We found the practice had made improvements since our last inspection. Using information provided by the practice we found the practice was now meeting the regulations that had previously been breached. We have amended the rating for this practice to reflect these changes. The practice is now rated good for the provision of safe, caring, responsive and well led services. The practice remains rated as outstanding for the provision of effective services.

Our key findings were as follows:

  • The practice had introduced a system for tracking and monitoring the use of blank prescription forms and pads. This system was now in line with national guidance. Completed actions included the installation of printer locks to prevent unauthorised access to blank prescription forms.

  • The practice had reviewed existing arrangements regarding the awareness of consent. We saw the consent policy had been shared and awareness training discussed in staff meetings which were attended by non-clinical and clinical staff including regular and locum staff.

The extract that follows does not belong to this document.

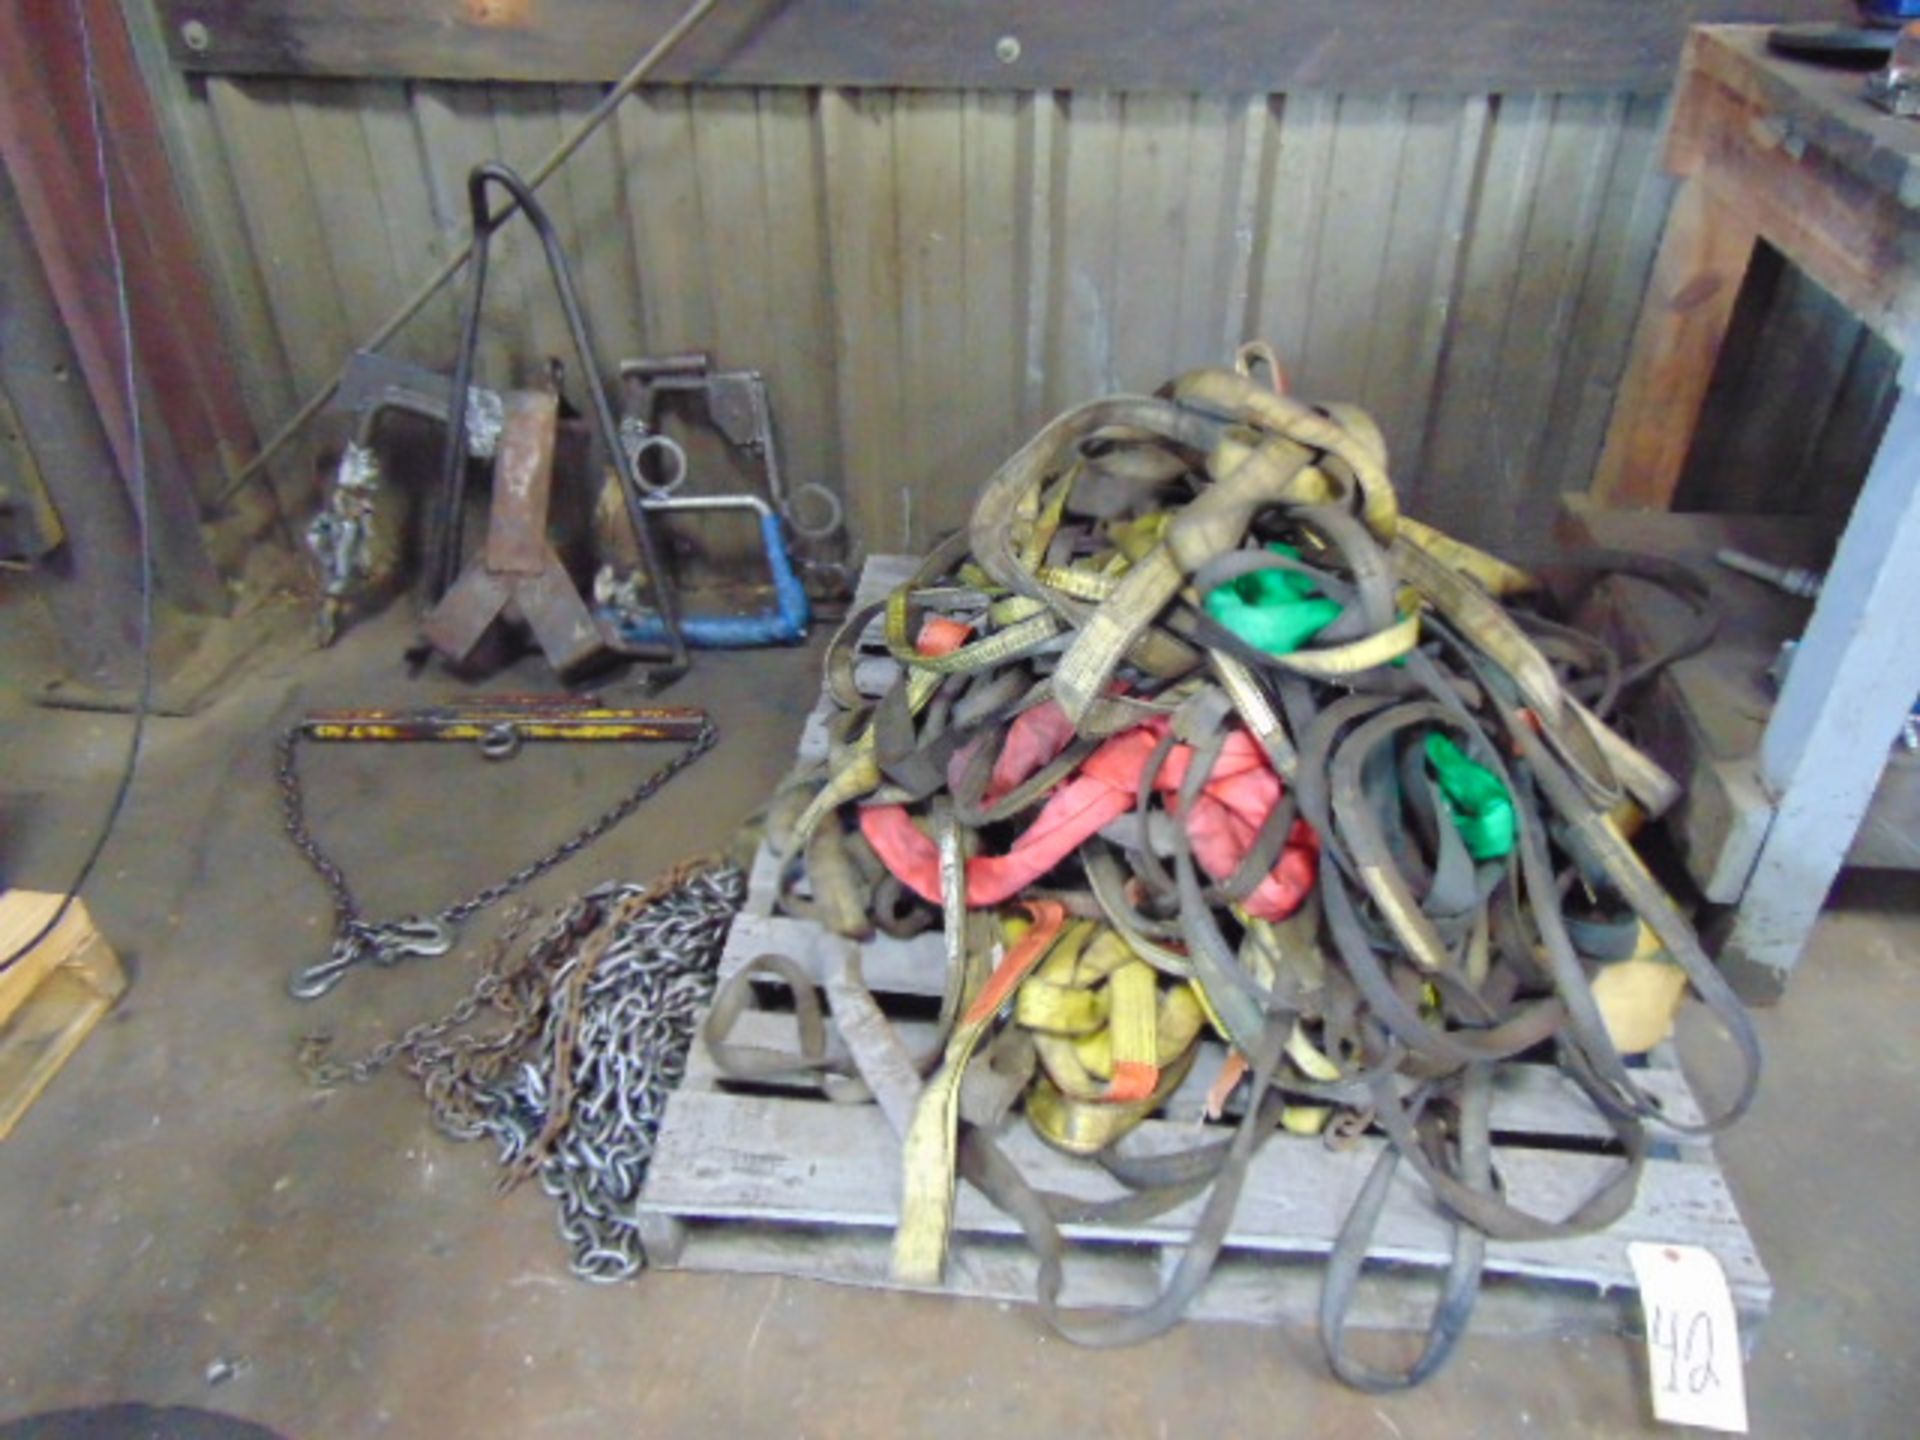 LOT CONSISTING OF: slings & lifting hooks, assorted

Furthermore, the practice had arranged full access to all the consent correspondence to be accessible to all staff including within the revised locum induction pack, which must be read prior to working at the practice.

  • The practice had established and was now operating safe systems to assess, manage and mitigate the risks identified relating to fire safety. This included documented fire evacuation drills and a review of evacuation procedures.

  • Further steps had been taken steps to increase the number of identified patients with caring responsibilities within the practice population. The practice had identified 27 patients, who were also a carer; this was an increase from 11 identified carers at the June 2016 inspection and amounted to approximately 0.5% of the practice list. We saw each month the practice was identifying more carers and advising them of the various avenues of support available from the practice. To further increase the identification of carers, the practice actively promoted carers awareness through practice videos (including videos in different languages spoken within the community) alongside posters and leaflets available in the waiting room. The practice had held further carers meetings where information was shared about resources for carers, including financial support and healthcare resources.